Meerbusch: Kita-Neubau für 1,4 Millionen
VON ALEXANDER RUTH - zuletzt aktualisiert: 08.02.2010Düsseldorf (RPO). Die Evangelische Gemeinde Osterath stellte die Pläne für das neue Domizil der Kita Neusser Feldweg vor. Es soll an der Insterburger Straße liegen. Die Kosten schultern Landschaftsverband, Stadt und Gemeinde gemeinsam.
OSTERATH Der Schock ist gewichen, und sie schauen in die Zukunft. Jetzt stellte die Evangelische Kirchengemeinde Osterath der Gemeinde und der Öffentlichkeit die Pläne des Neubaus des Kindergartens an der Insterburger Straße vor. Ein Flachdachbau mit kleinem Obergeschoss, das ausgebaut werden kann, auf einer Gesamtfläche von rund 2150 Quadratmetern.
Bereits im Frühsommer 2008 hatte der Landschaftsverband Rheinland der Evangelischen Kirchengemeinde Osterath mitgeteilt, dass der Kindergarten am Neusser Feldweg nicht mehr zeitgemäß ist und die Ansprüche nicht mehr erfüllt. "Wir waren damals erschrocken", sagt Renate Krüger, Vorsitzende des Presbyteriums. Seit August 2008 fordert das Kibiz-Gesetz die Bereitstellung von Plätzen für Kinder unter drei Jahren mit den entsprechenden Räumlichkeiten.
Umbau oder Neubau standen für die Protestanten zur Wahl. Das Presbyterium entschied sich für letzteres. Nun sind die Pläne gemacht – die Zukunft kann beginnen. Knapp 1,4 Millionen Euro wird das Projekt kosten, das in der Nähe der Feuerwache Bovert entstehen soll. Rund 500 000 Euro übernimmt der Landschaftsverband Rheinland (LVR), die Stadt Meerbusch teilt sich die andere Hälfte mit der Kirchengemeinde. Das Grundstück müssen die evangelischen Osterather noch für rund 360 000 Euro kaufen.
Überbrückungskredit nötig
Einen großen finanziellen Nachteil sieht das Presbyterium allerdings nicht, da im Gegenzug der Kindergarten an der Neusser Straße verkauft werden soll. "Wir werden einen Überbrückungskredit aufnehmen müssen", erklärt Presbyter Dr. Wolrad Rube. "Er kann ja nicht ,hingebeamt' und der andere sofort abgerissen werden." Neben der Aufteilung des Geländes standen bei den Gemeindemitgliedern noch die Energie-Effizienz und die Umweltverträglichkeit des Neubaus im Mittelpunkt des Interesses. "Wir könnten der Stadt vorschlagen, eine der nächsten Bürgersolaranlagen dort auf dem Dach zu bauen", schlug Gitta Röth dem Presbyterium vor. Auch das geplante Flachdach kam nicht ganz kritikfrei davon. "Das kann hinterher eine finanzielle Frage werden", gab Gemeindemitglied Christa Jährling zu bedenken. "Mit einem Satteldach wären die Kosten höher gewesen, und wir hätten die Räume nicht nutzen können", erklärte Dr. Wolrad Rube die Entscheidung des Presbyteriums.

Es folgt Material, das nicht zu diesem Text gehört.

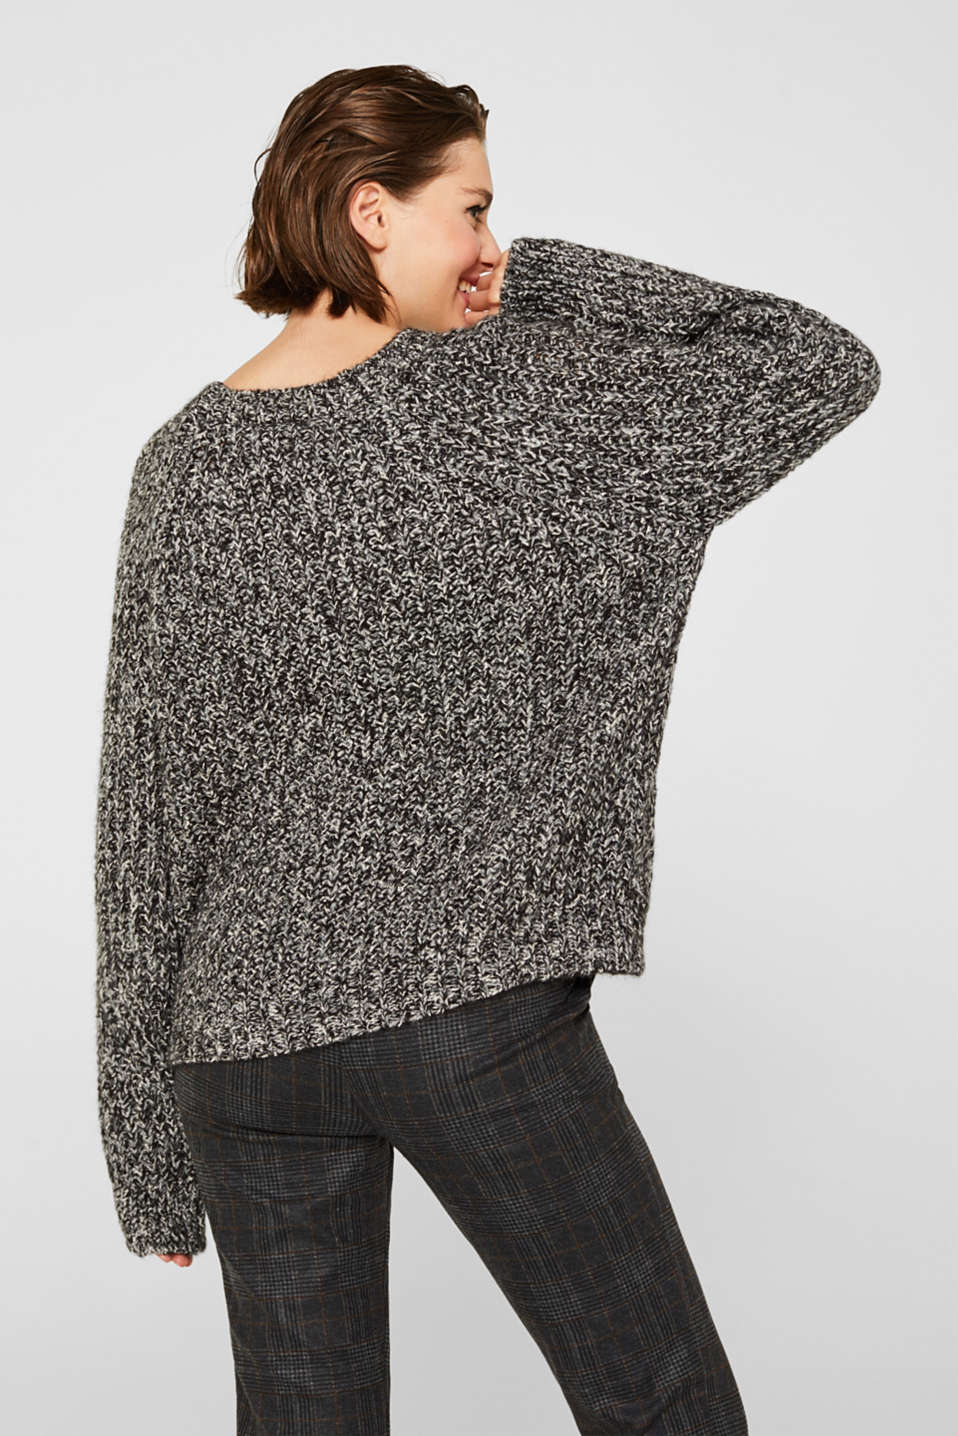 With wool: mouliné jumper, GUNMETAL 4, detail image number 3
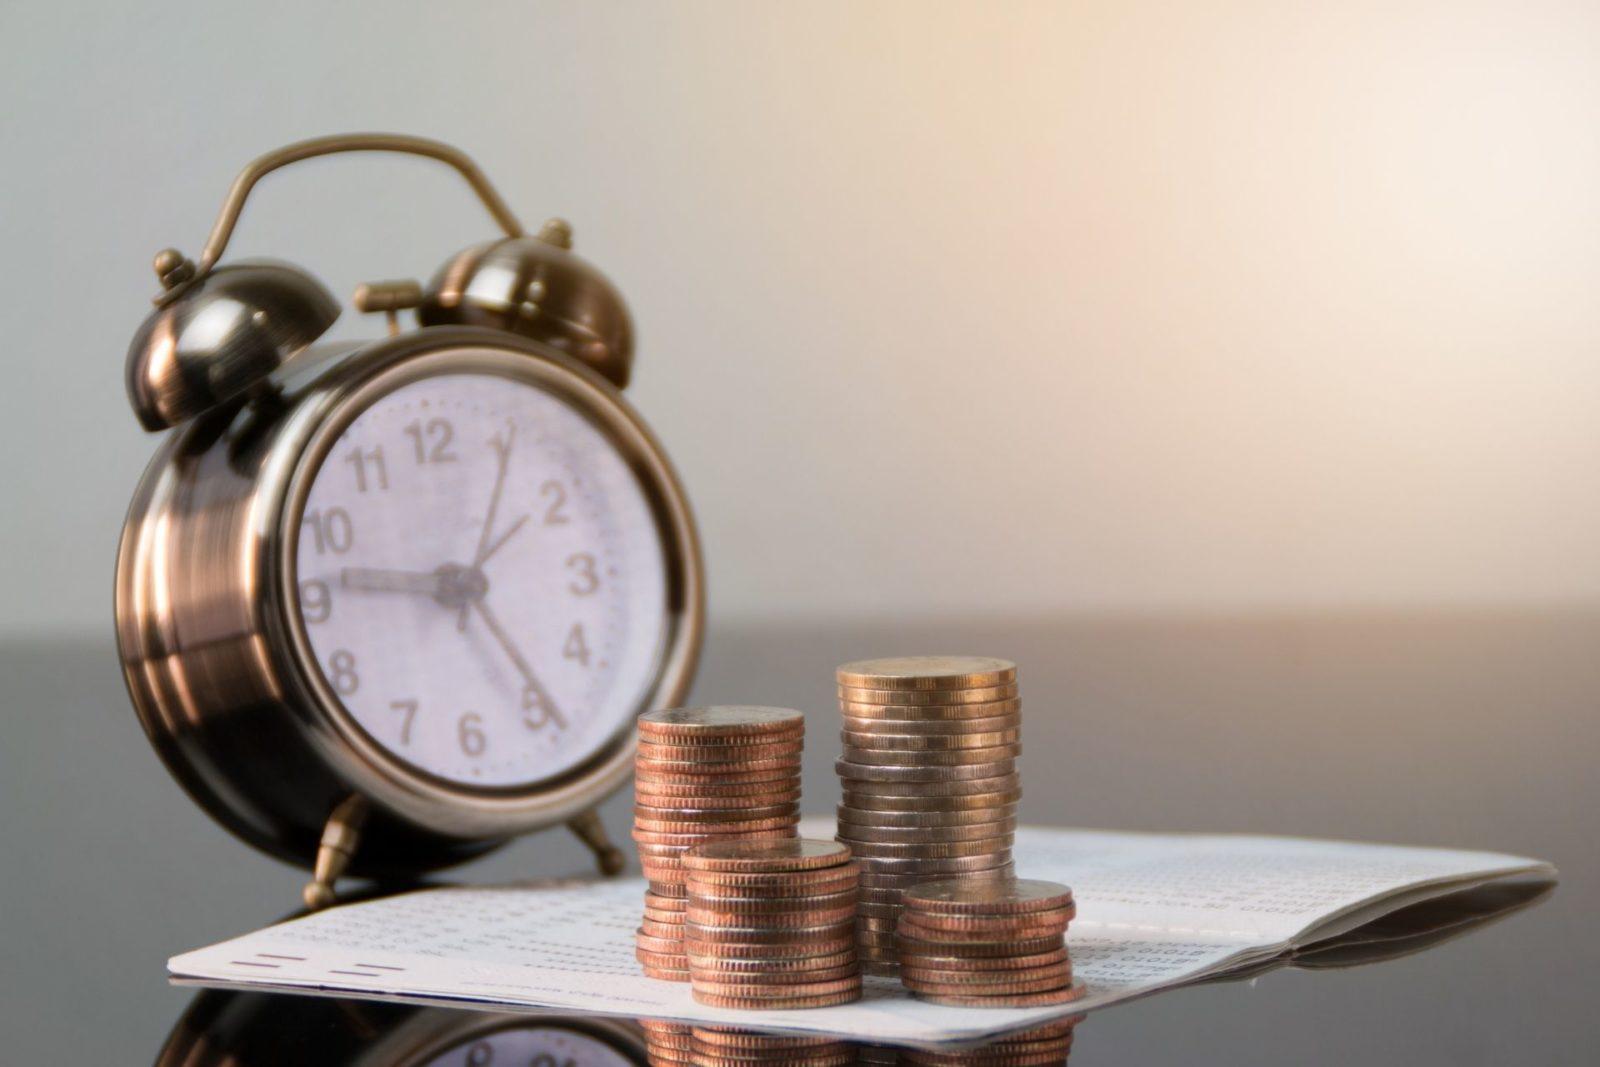 relogio moedas rpv precatorio tempo para pagamento precato

Der Bau soll mit Dreifach-Verglasung ausgestattet werden. Auch der Einbau einer und Wärmepumpe wäre möglich. "Zusätzlich kommen in den nächsten Jahren noch Kinder hinzu", so Pfarrerin Birgit Schniewind. "Wir wissen von der Stadt, dass sie schon geboren sind." Der Spatenstich soll spätestens im Mai erfolgen. Die Bauzeit wird rund ein Jahr betragen.